I would keep him and take the refund and donate it to your local gsd rescue!


----------



## BabyBruno

*Re: Light puppy will color darken?*

Hmm, I think I will do that. We paid $200 for him. Oh and I called the place that I wanted to go to practice and they agree, that it looks like more opportunities will be opening up for mix breeds. We have an appointment for tomorrow afternoon to start getting him-and me- familiar with stuff. Thanks for your help.


----------



## APBTLove

*Re: Light puppy will color darken?*

If he is a pit/GSD he should be an agility master...

Good luck with him


----------



## Odimus

*Re: Light puppy will color darken?*

When Freykja was about 3 months old she looked exactly like a Belgian Malinois...golden with a black nose. Her dad was dark and mom was a grey sable...they were afraid that I wouldn't want her because of her coloring...by the time she hit 4 months her grey sable self came out and she is dark...


----------



## BabyBruno

*Re: Light puppy will color darken?*

Interesting, well either way he is a great little guy and I can't wait to get started. Thanks everyone.


----------



## Justin0406

*Light color sable*

My sable is light coat as well... pics at 8 weeks are different at 11 wks


----------



## blackviolet

BabyBruno said:


> Well, I was thinking along the same things too. Unfortunately, my husband bought him already. He looks a little "off" for me as far as for GSD. His coat as not as short as a boxer, not as short as a great dane for sure, but still its not as fluffy or cozy as I remember Bruno's being.I would rather have adopted from the shelter than buy, especially if we were not getting a pure bred. Oh well. Live and Learn I suppose.

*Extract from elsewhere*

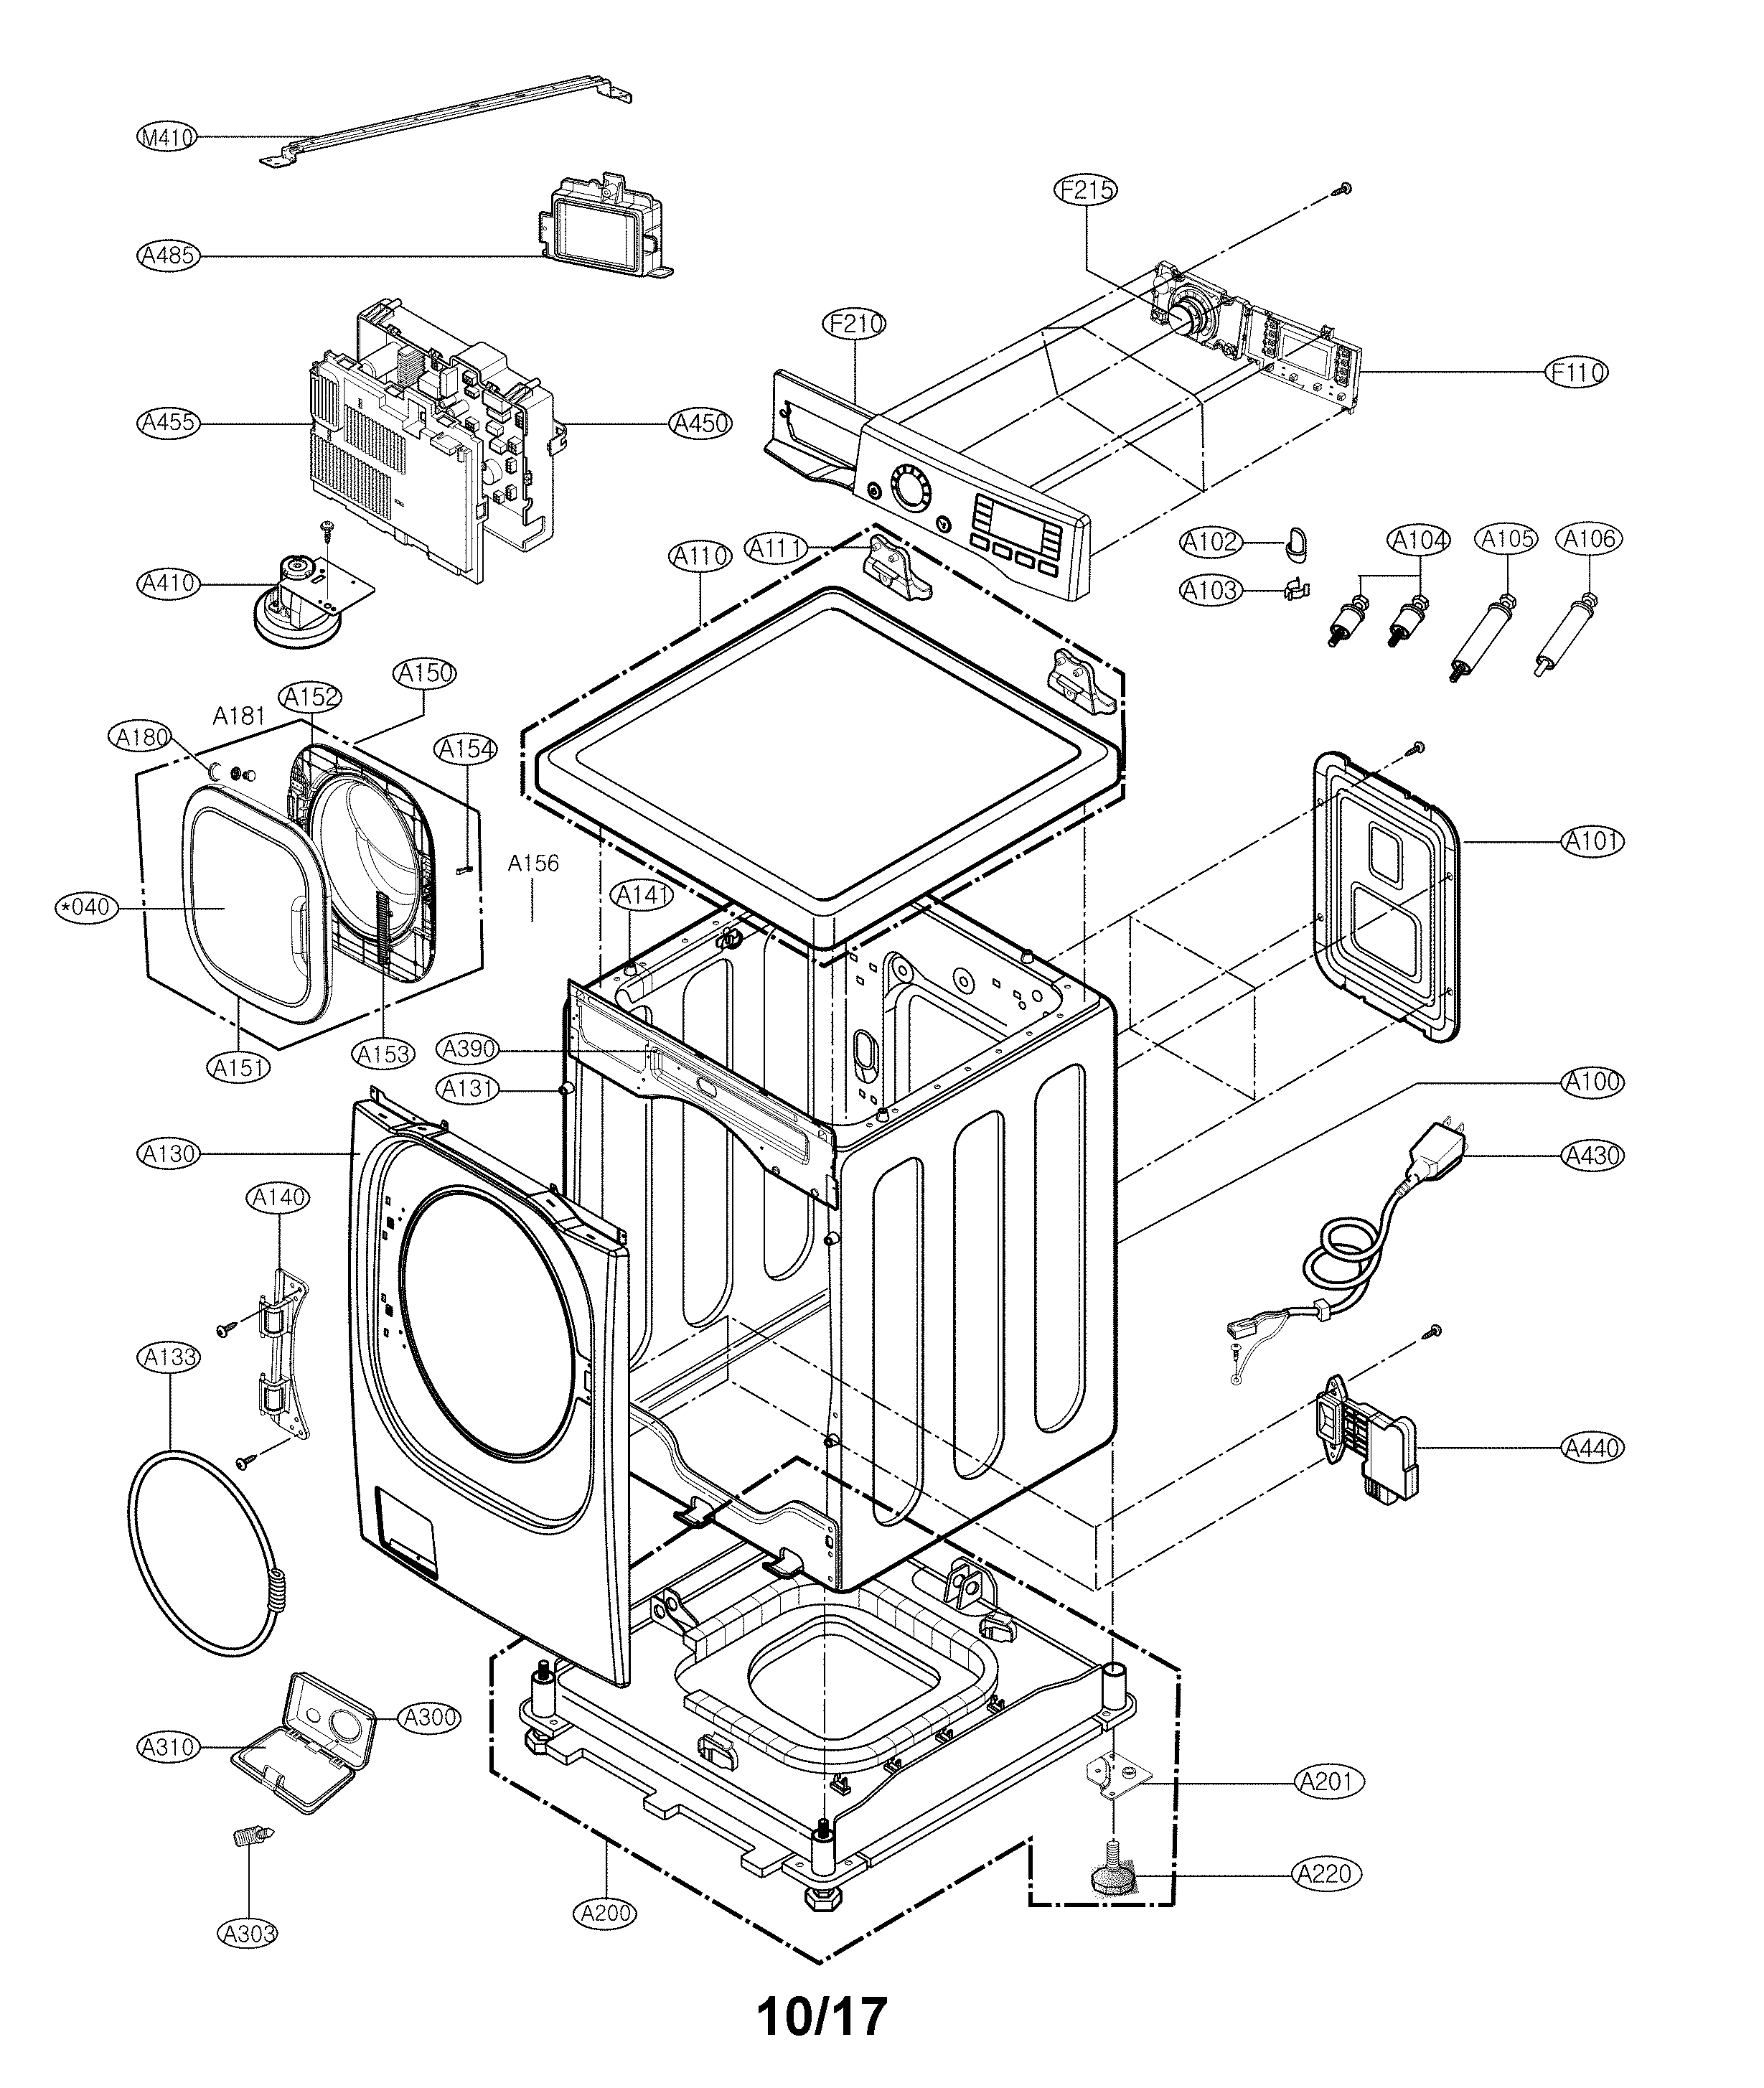 Lg Wm4370hka Washer Drain Pump And Motor Assembly

The same thing happened to us when we got Victor. He has very close/slick fur, not GSD fur, but not as short as a boxer's either. He's DEFINITELY not an "unpapered purebred" like they tried to say he was, but there was no way my husband was leaving him there. I would also rather have adopted a dog, but I kinda feel like we DID adopt him. I mean, we paid next to nothing, and they had the puppies in a shitty situation, so even though he definitely wasn't what we were looking for, my husband brought him home anyway, and we love him to death, although he still has issues from those people.  But who knows what they may have done with him if we hadn't taken him? He probably would have been dumped at the pound.


----------



## FuryanGoddess

My red sable is very light as well. As a small pup, he had a lot more black in him. At about 10 wks it ALL fell out! ALL OF IT. He was this light red, rusty color. My hubs called him pink. Said he was pink w/ a black tail.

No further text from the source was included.